[EXCERPTED DATA — start]
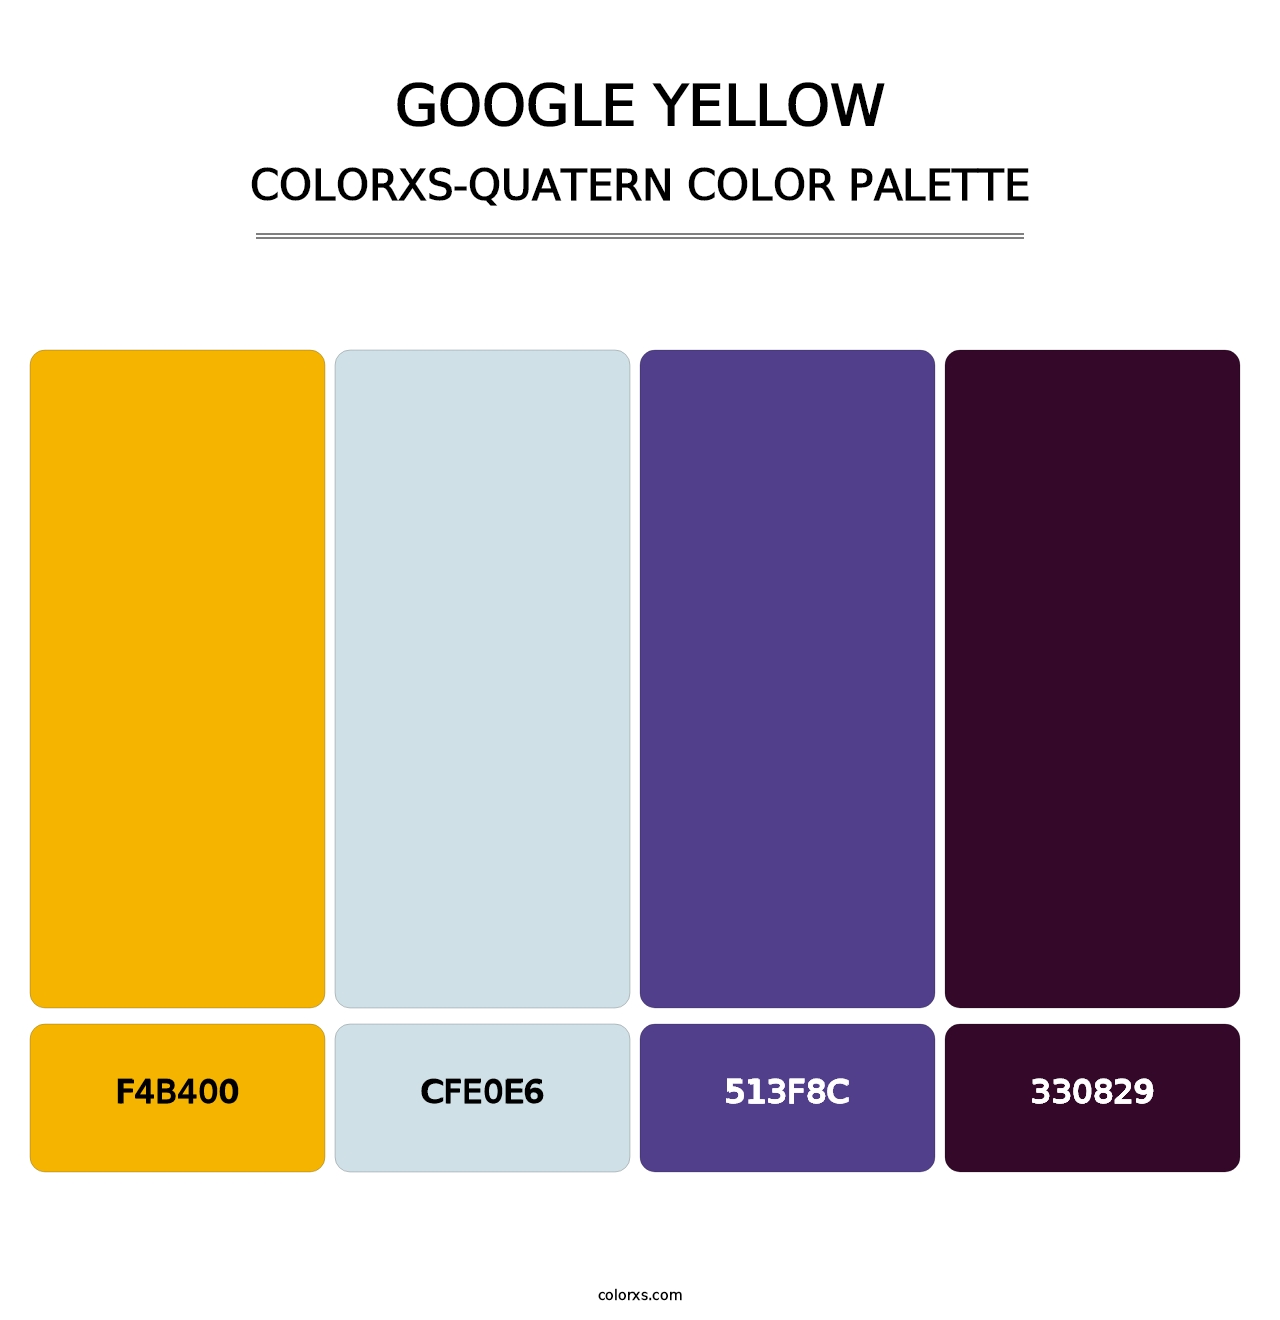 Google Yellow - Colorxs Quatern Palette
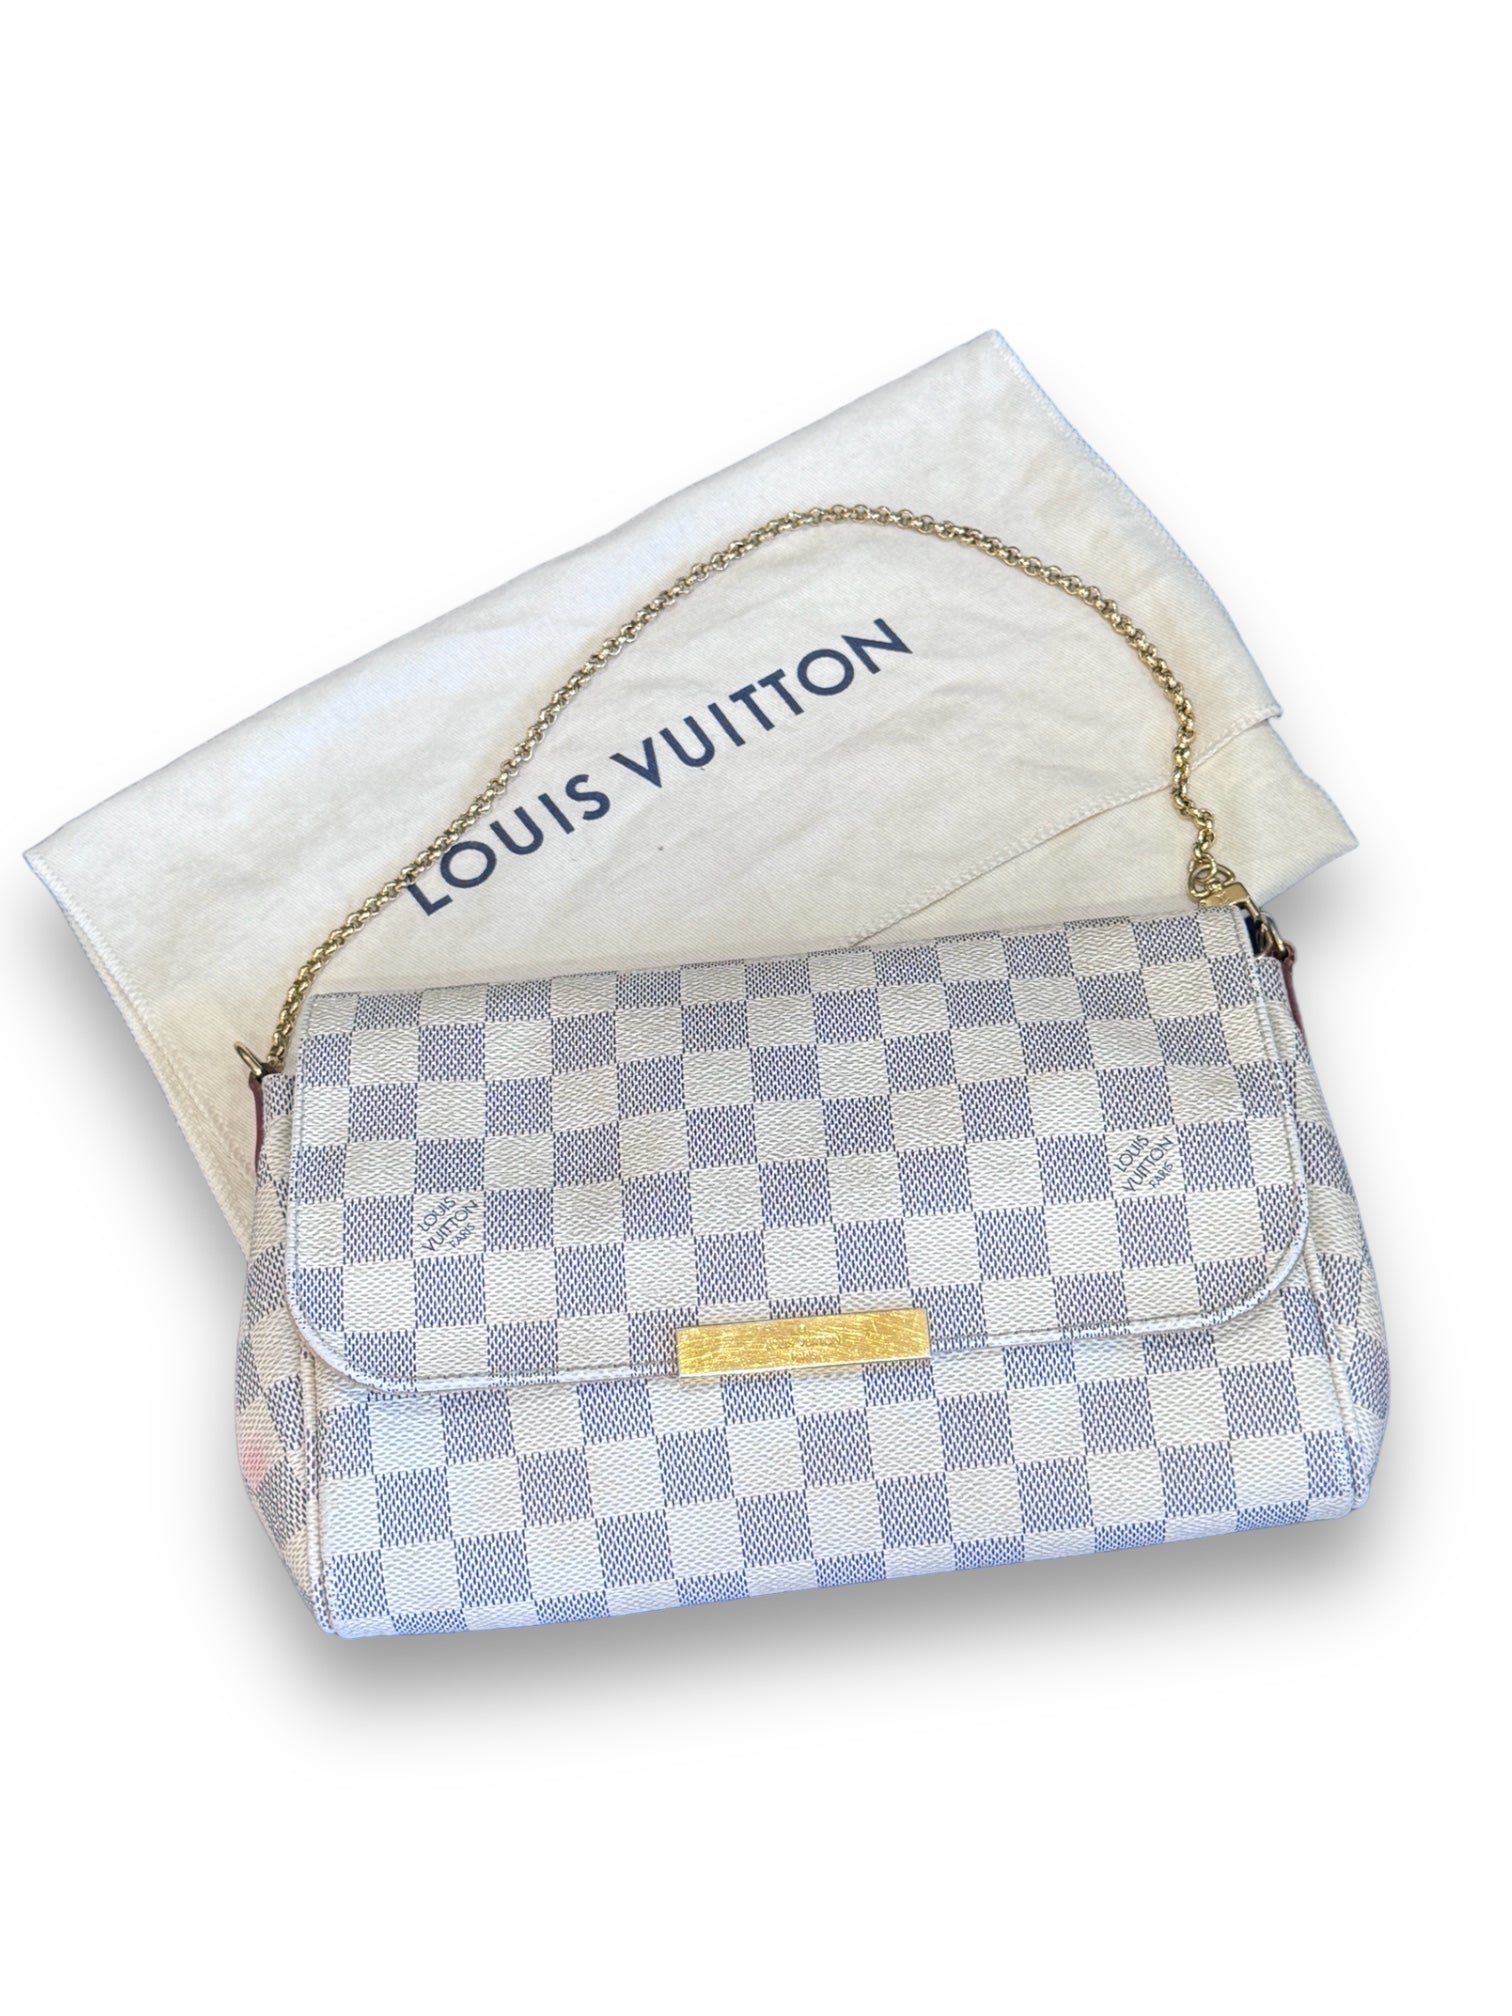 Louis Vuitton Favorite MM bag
[EXCERPTED DATA — finish]
[EXCERPTED DATA — start]
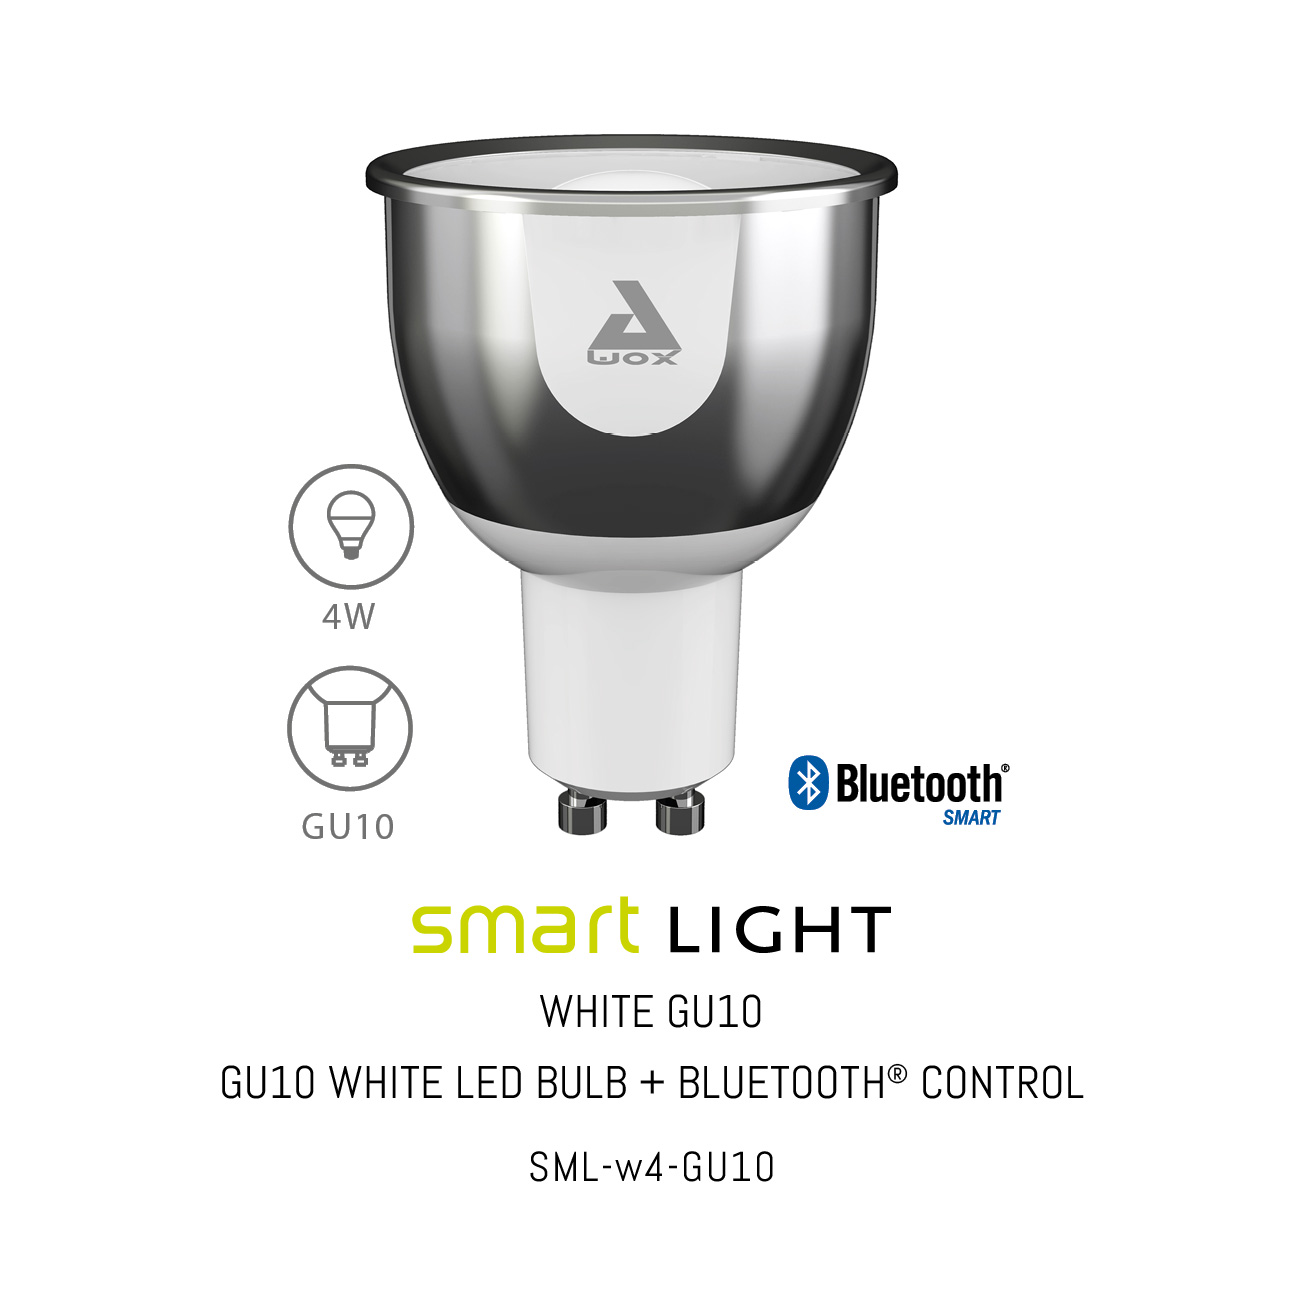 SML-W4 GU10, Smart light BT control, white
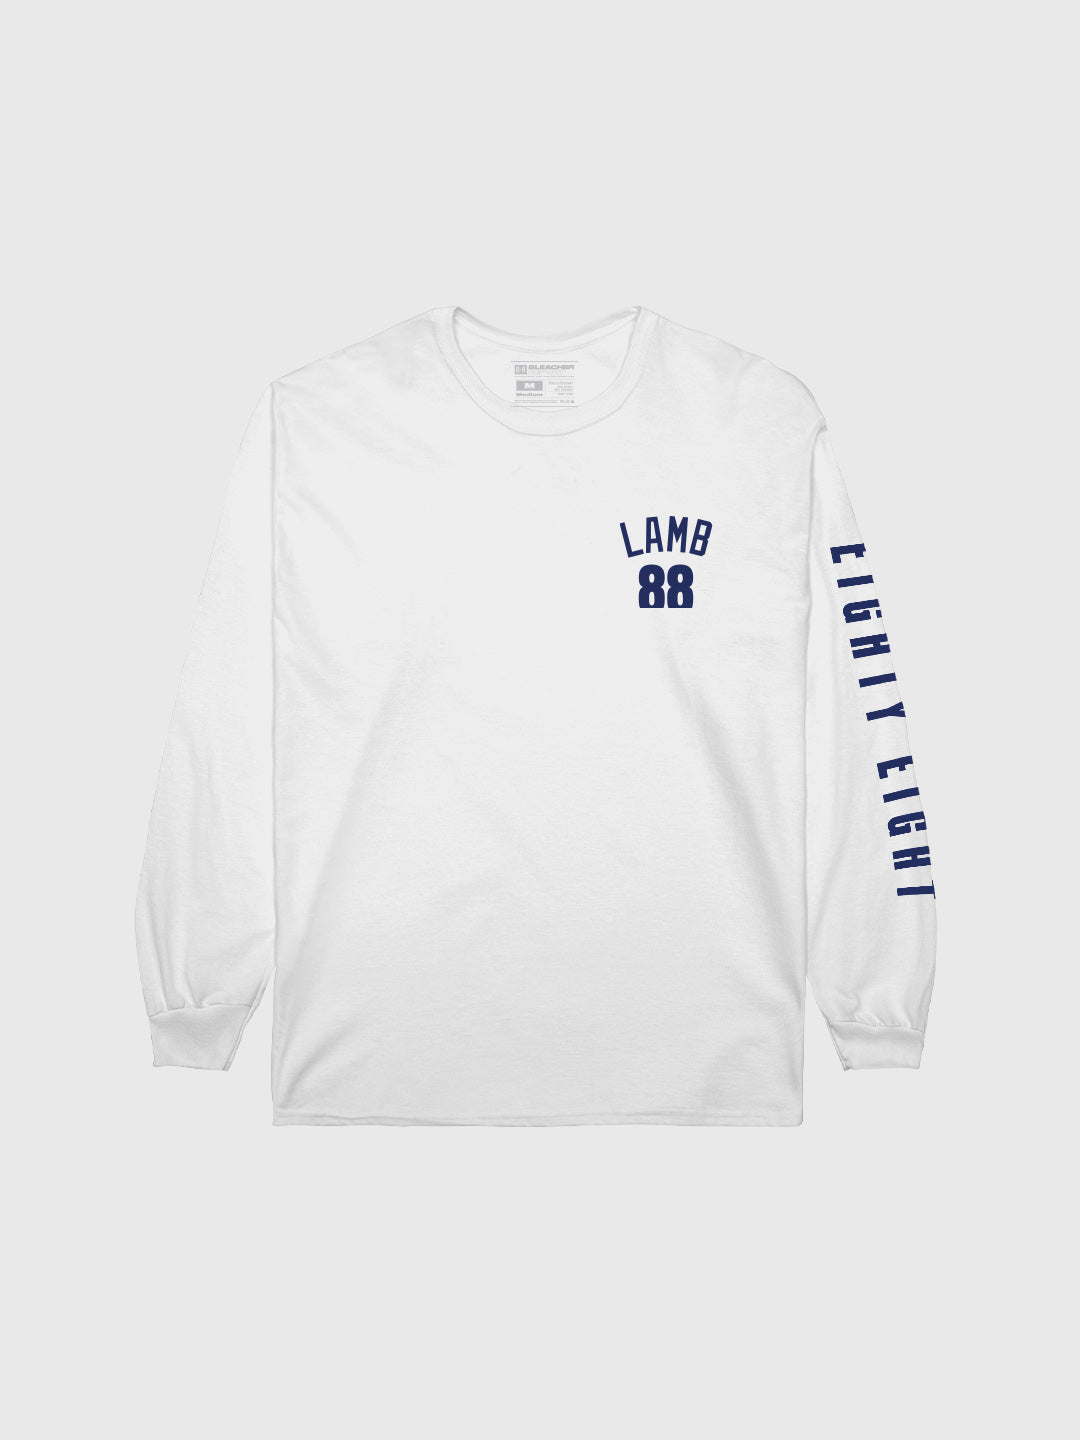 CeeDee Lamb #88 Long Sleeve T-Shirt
[EXCERPTED DATA — finish]
EXERCISE → The lines above starting at the one that holds "Google Yellow - Colorxs Quatern Palette" and ending at the one that holds "Louis Vuitton Favorite MM bag" are to be written out exactly, ends included, and no pictures are to be copied.

RESULT FOR THIS EXERCISE →
 Google Yellow - Colorxs Quatern Palette
 Louis Vuitton Favorite MM bag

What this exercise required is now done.